After building a webhook delivery platform in Day 8, I found myself asking questions that led me down a rabbit hole. After looking at Recipient List, I realized I overlooked “Routing Slip” and, really, what the heck is a “routing slip” anyway? While I had planned to cover Process Manager and Saga, digging into Routing Slip gave me a really interesting insight into how one can structure their messaging topology differently and in a way that naturally introduces a kind of Process Manager on its own, so lets save the in-depth exploration of it and Saga for another day and dig in to Routing Slip!

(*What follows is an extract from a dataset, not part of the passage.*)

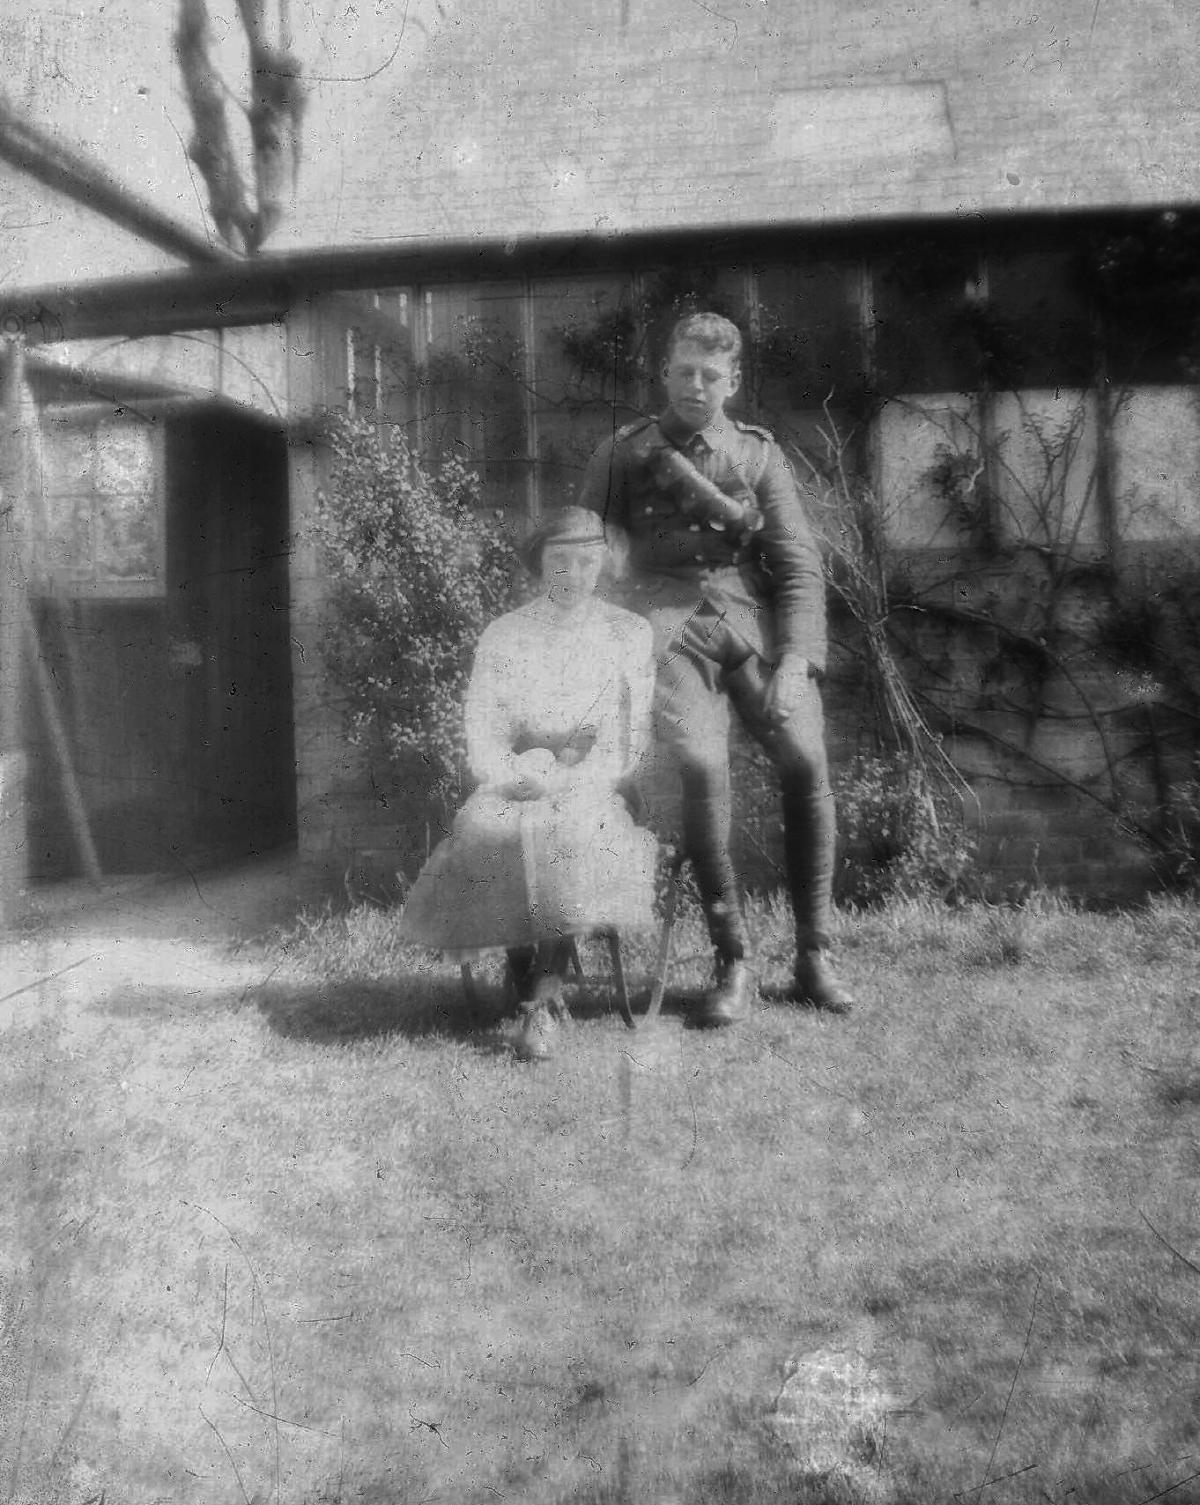 Greg Packs Dusty Box Reveals Haul Of Old Family Photos Echo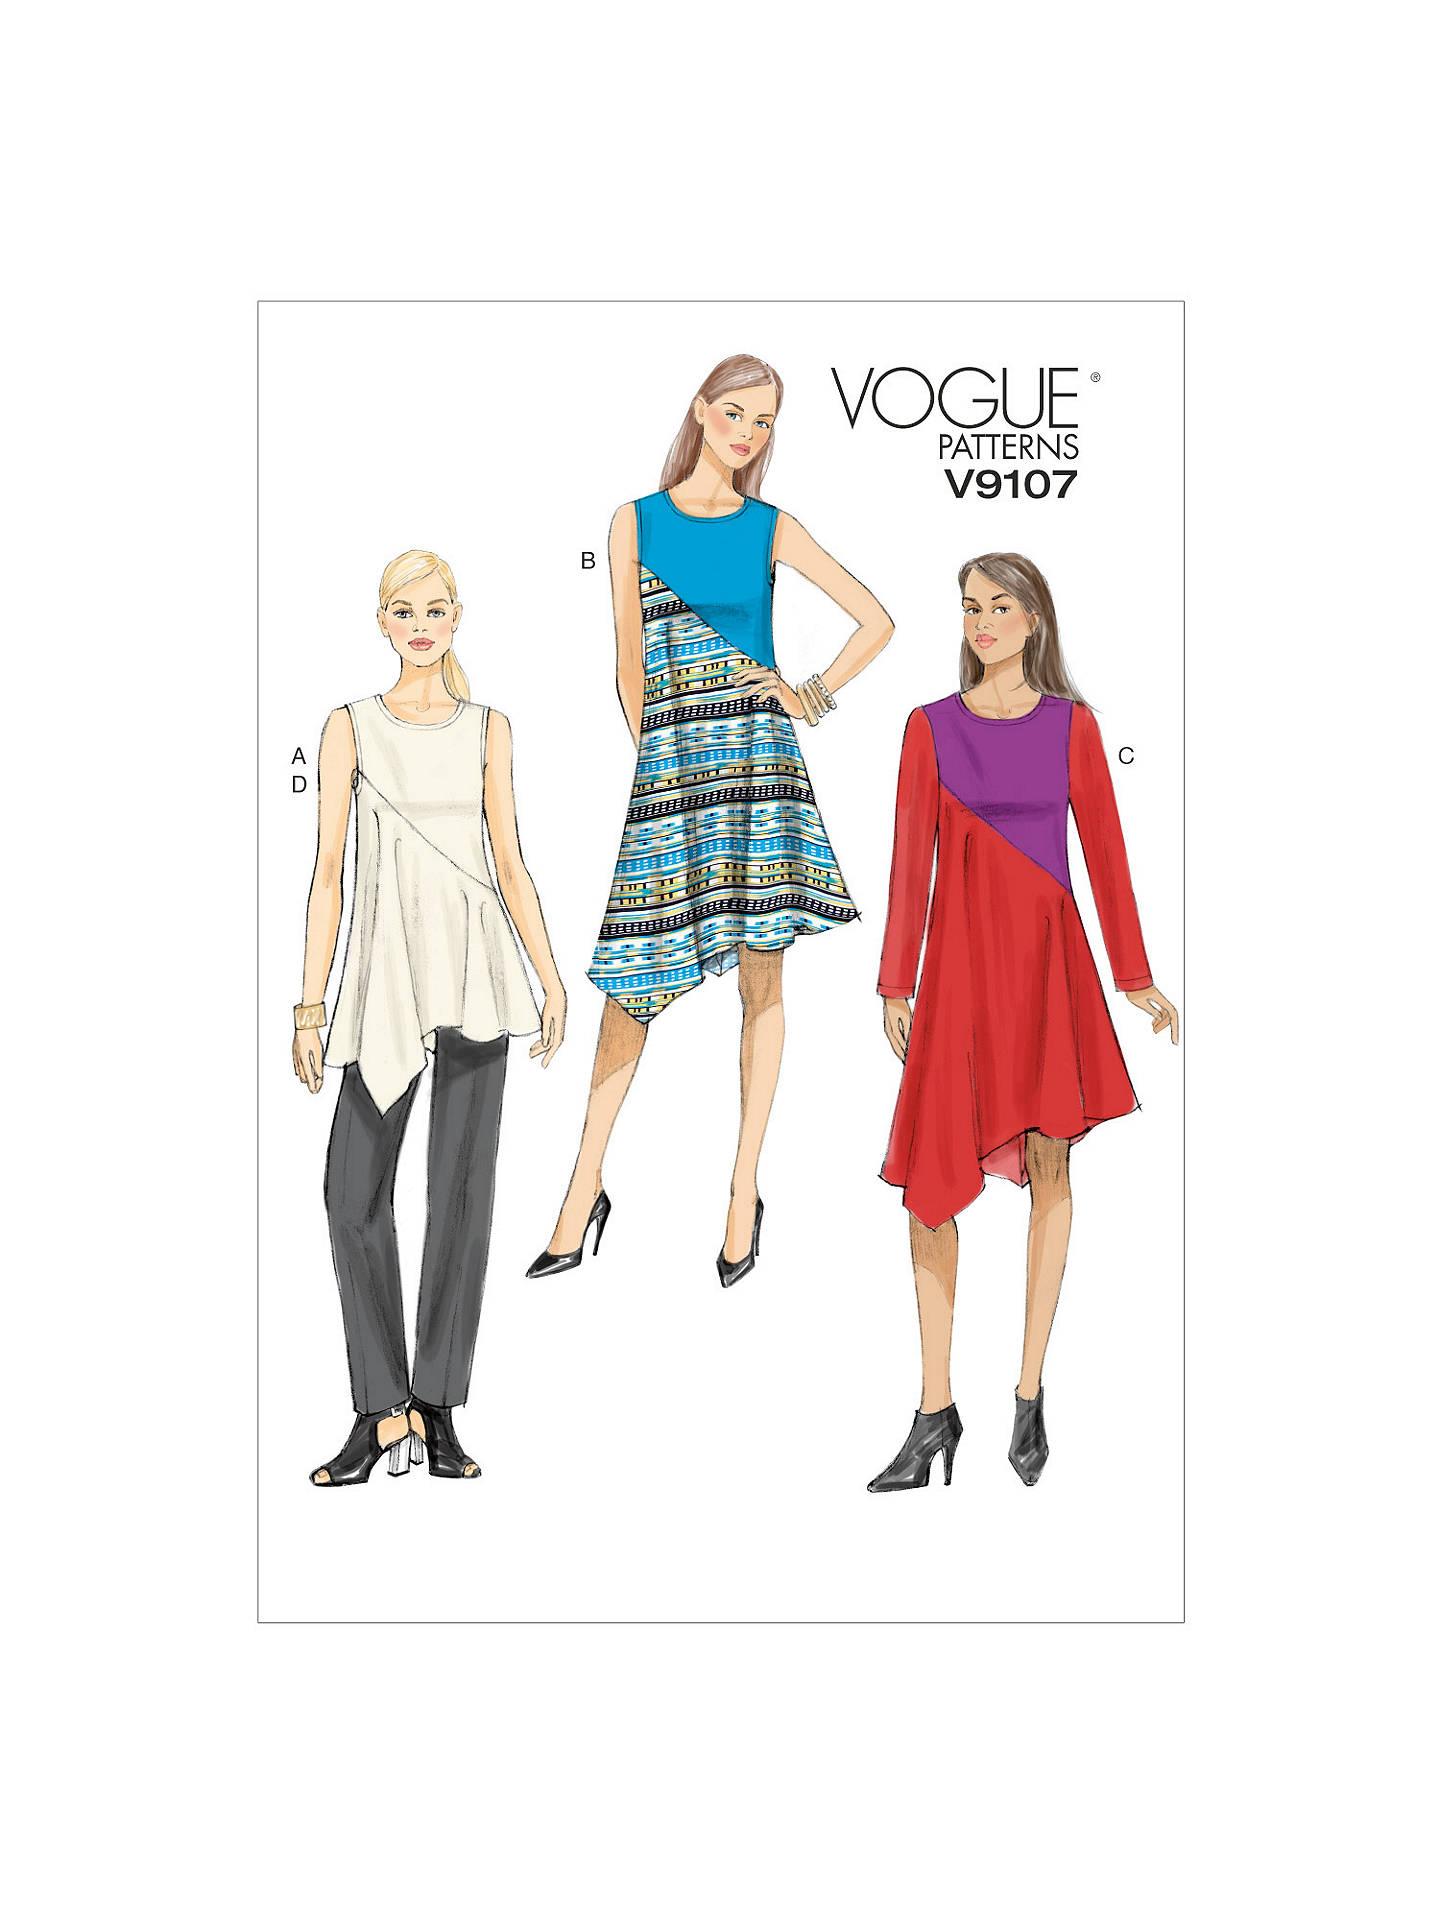 Vogue Women\'s Asymmetric Tunic, Dress and Trousers Sewing Pattern ...

Routing Slip: The Message Knows Where to Go

The Routing Slip pattern confused me at first, but the value clicked once I saw it in action. The idea: a message carries its own itinerary, a list of processing steps it needs to pass through.

Think of it like a FedEx package with multiple delivery stops. The package has a slip attached: “First go to Memphis hub, then Chicago sorting, then final delivery.” Each stop reads the slip, does its job, and sends it to the next destination. The package doesn’t care how it gets routed; it just carries the instructions.

Why is this cool? Because different messages can take different paths without changing the routing logic. A simple order might skip enrichment; a complex international order might add customs validation. You could choose which processors a message will pass through based on message content or business rules.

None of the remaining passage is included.